Halloween is in two days. I’m not ashamed to admit that Halloween makes me, like that Corgi puppy, a little jumpy. I’m not cool with skeletons, maniacal laughter, or the dark. But I’ve got to admit, it’s fun to face those fears this time of year. It’s fun to conquer haunted houses and find yourself laughing instead of screaming. It’s, um, maybe a little less fun to watch horror movies. My courage only goes so far.

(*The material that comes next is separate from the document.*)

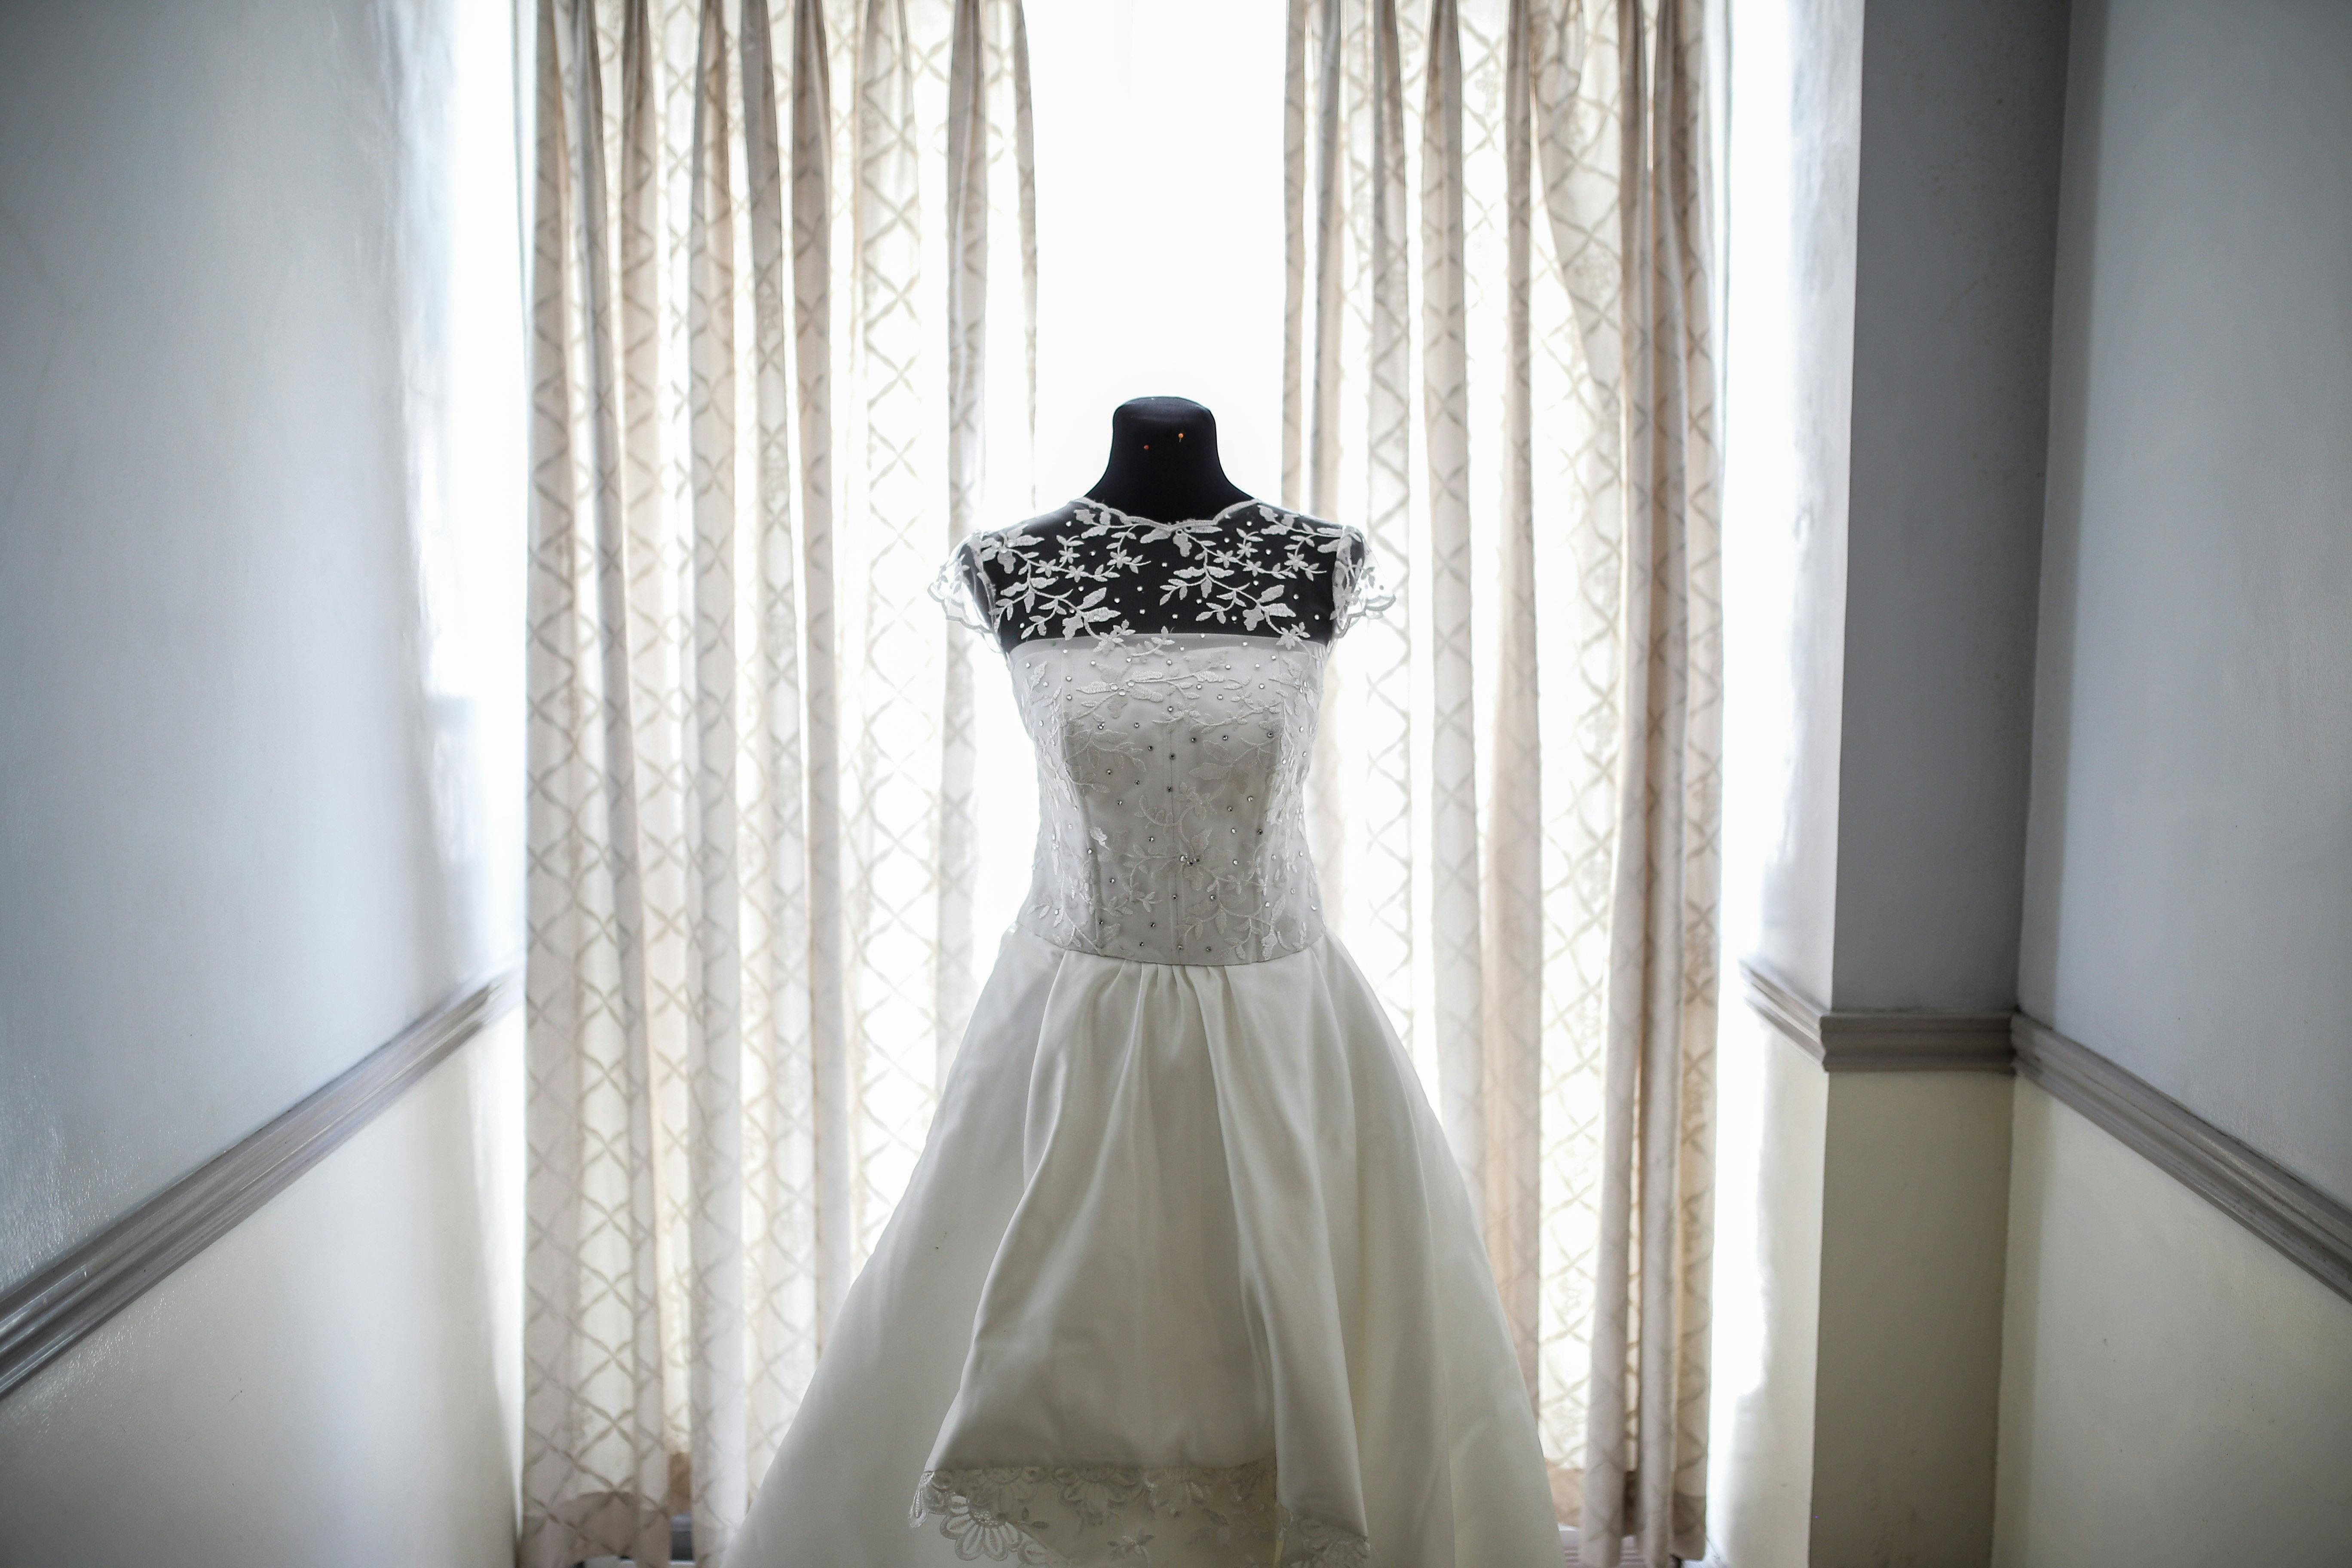 A wedding dress on display on a mannequin | Source: Pexels

But did you know fear is linked to procrastination

Now there’s a fear we would all do well to conquer this Halloween. Halloween is a Saturday this year and, if you’re like most college students and me, the distraction and excitement of parties and festivities is probably going to minimize the pockets of time you have to accomplish research assignments and study sessions. Given that we’re moving into the final third of the semester, we probably can’t afford that sort of detour. That means we have to use the time we do have this weekend super, super efficiently. We might feel the pull to procrastinate. But it’s Halloween season, the time of facing fears, so figure yours out.

Channel your inner Shia LaBeouf. Just do it! Why are you putting off that thing you have do? Are you afraid of running out of time, thereby creating a self-fulfilling prophecy by putting it off? Are you afraid it won’t be perfect, so you dread to begin? Are you afraid you’ll really like your final product and be crushed when someone else critiques it?

All sorts of fears influence procrastination. I fall into the perfectionism trap myself, as if not doing something is better than doing it poorly. That’s a falsehood. Besides, even the roughest of rough drafts can be edited. Just start! Put everything on paper! Throw all your Halloween candy at the wall and see what sticks.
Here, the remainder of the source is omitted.